Diabetology is one of the most rapidly evolving disciplines of medicine and encompasses efforts to advance scientific knowledge and implement ever-expanding health knowledge into clinical practice. The biguanide drug, metformin, has been used widely for the treatment of hyperglycemia in patients with type 2 diabetes mellitus (T2DM) since 1957, and is the only biguanide drug still prescribed widely 1. Current guidelines from the American Diabetes Association/European Association for the Study of Diabetes (ADA/EASD) recommend early initiation of metformin as a first-line drug for monotherapy and combination therapy for patients with T2DM 2.

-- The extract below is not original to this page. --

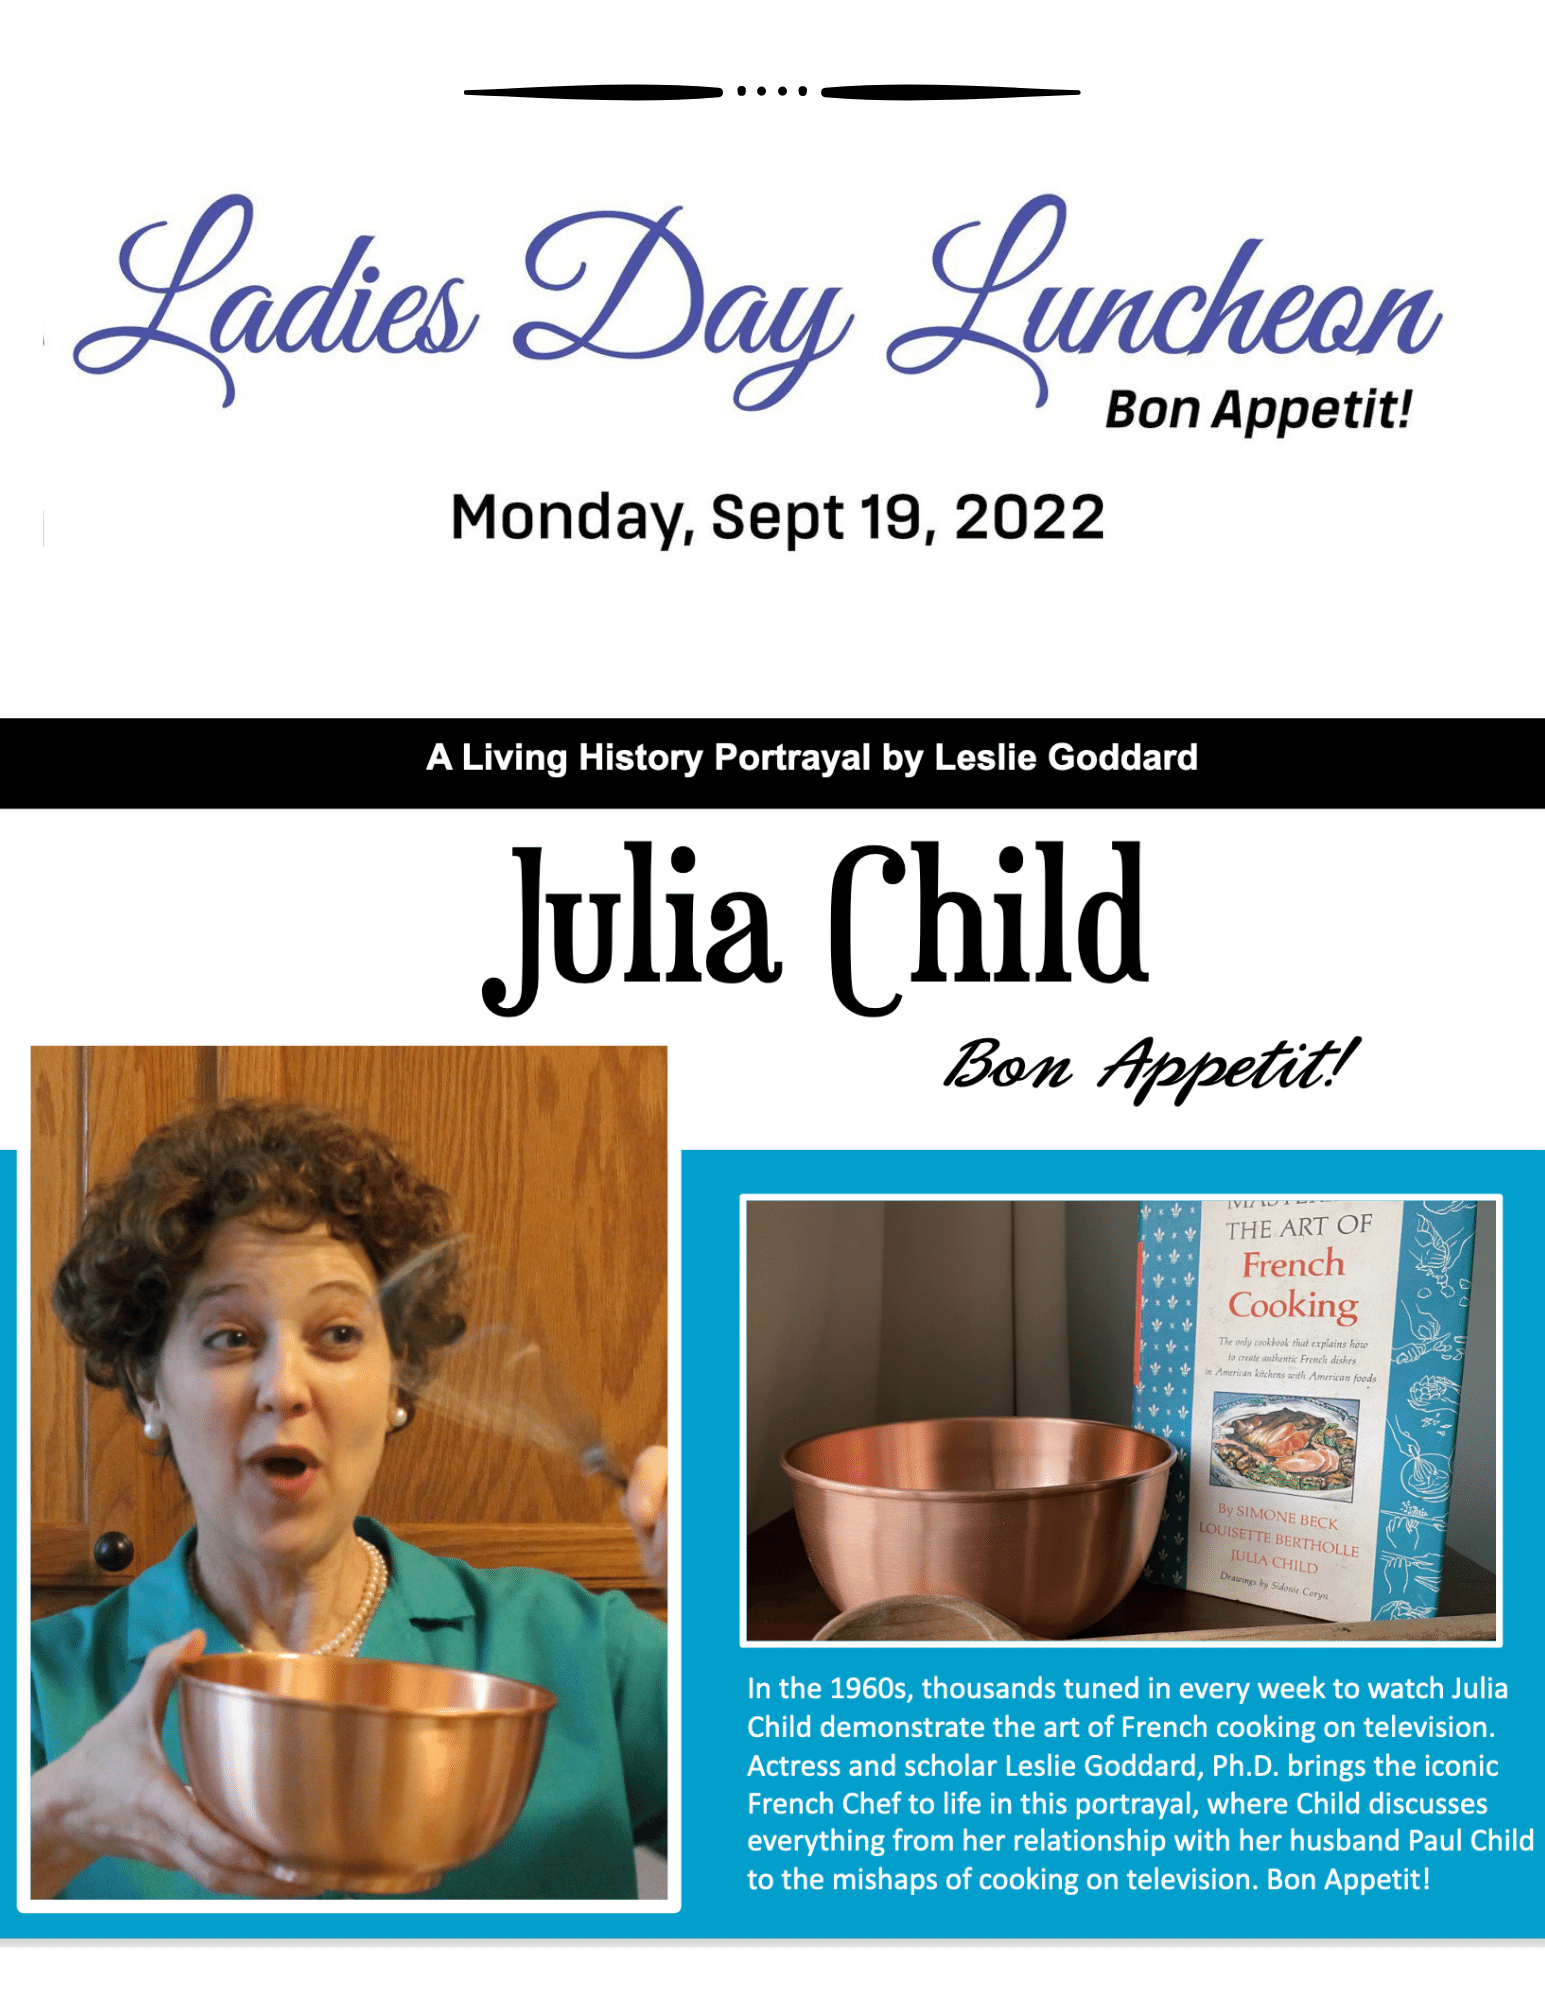 Ladies Day Luncheon - Julia Child, Bon Appetit!
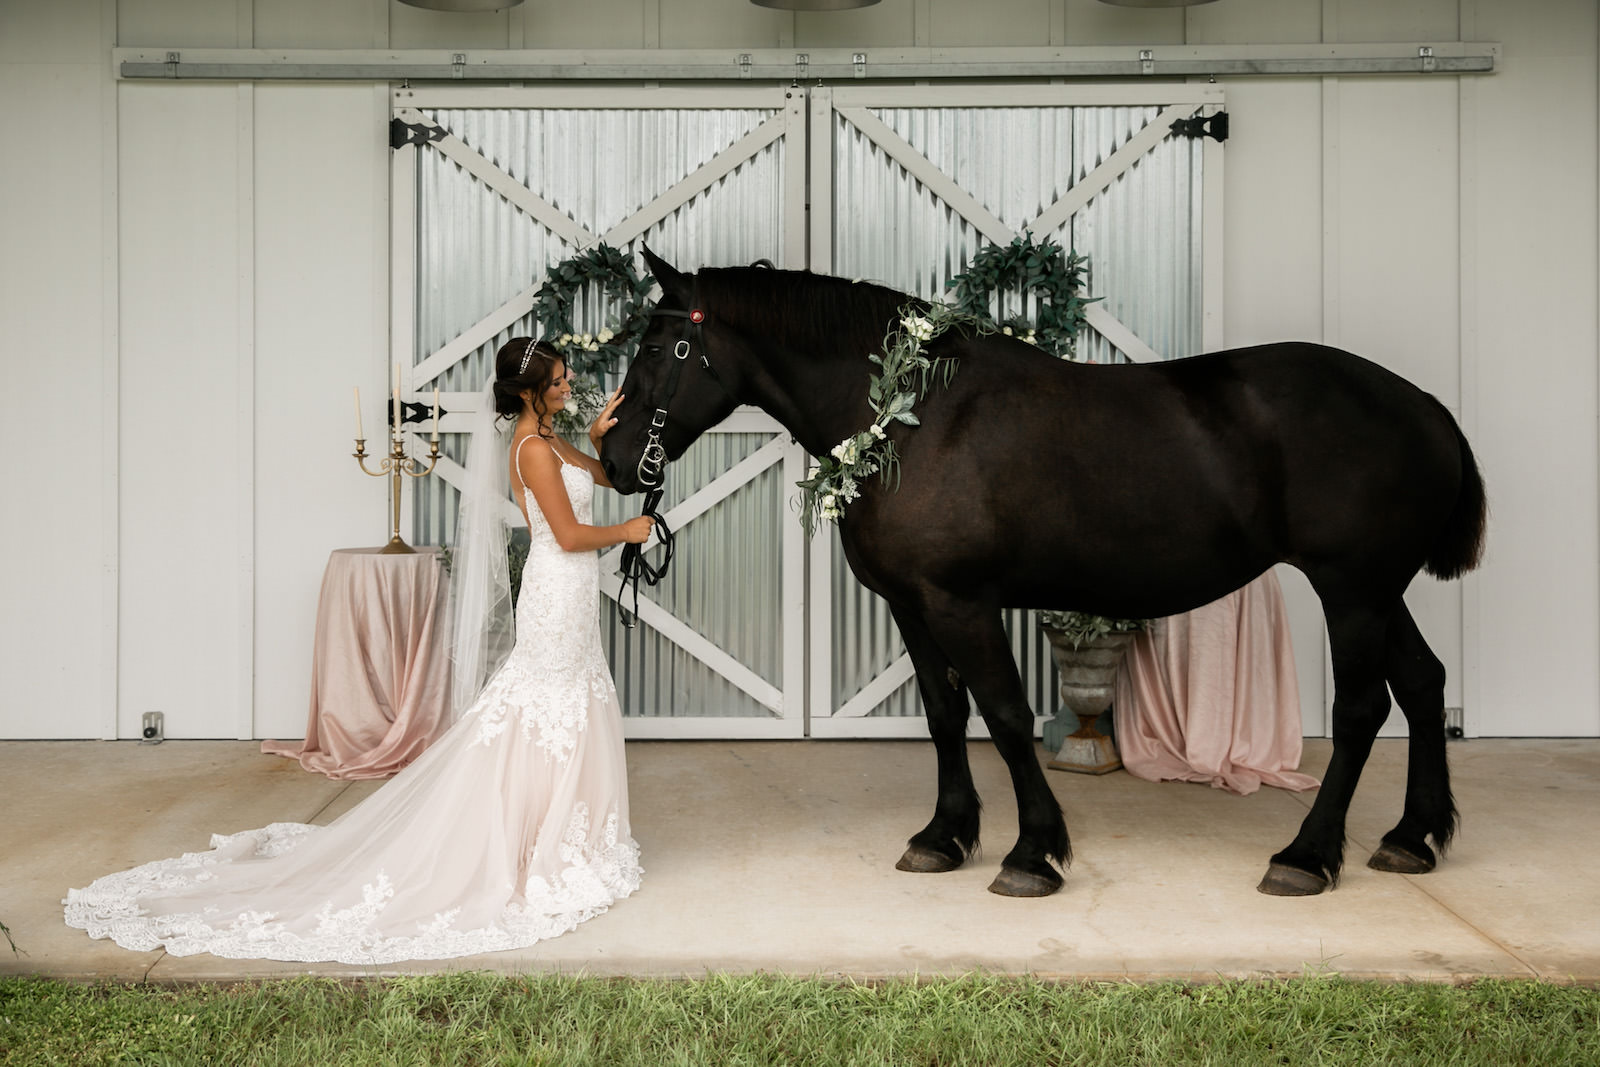 Bride in Long Train Sweetheart Neckline Gown with Horse Rustic Wedding Portrait | Tampa Farm Wedding Covington Farms

Metformin is believed to exert its effect by reducing hepatic glucose production, intestinal glucose absorption, and by increasing glucose use by peripheral tissues. Metformin inhibits hepatic gluconeogenesis and suppresses hepatic glucose output, increases fatty acid oxidation in hepatocytes, and inhibits very low-density lipoprotein synthesis in the liver 3. Metformin is believed to exert powerful effects primarily by counteracting postreceptor insulin resistance and by increasing insulin-stimulated glucose uptake in muscle and fat 3.
The intracellular effects of metformin are believed to be mediated mainly by AMP-activated protein kinase (AMPK), a molecule that is a major cellular energy sensor and regulator of energy homeostasis 4,5. AMPK activity is regulated by the AMPK upstream kinase LKB1 6. AMPK activation results in numerous intracellular effects: inhibition of hepatic gluconeogenesis suppression of the activity of mammalian target of rapamycin (mTOR), a signaling pathway with a central role in cell growth signaling 7, promotion of glucose uptake in muscle and liver mostly by increasing the number of GLUT-4 transporters, inhibition of lipid synthesis, and promotion of fatty acid oxidation in the liver.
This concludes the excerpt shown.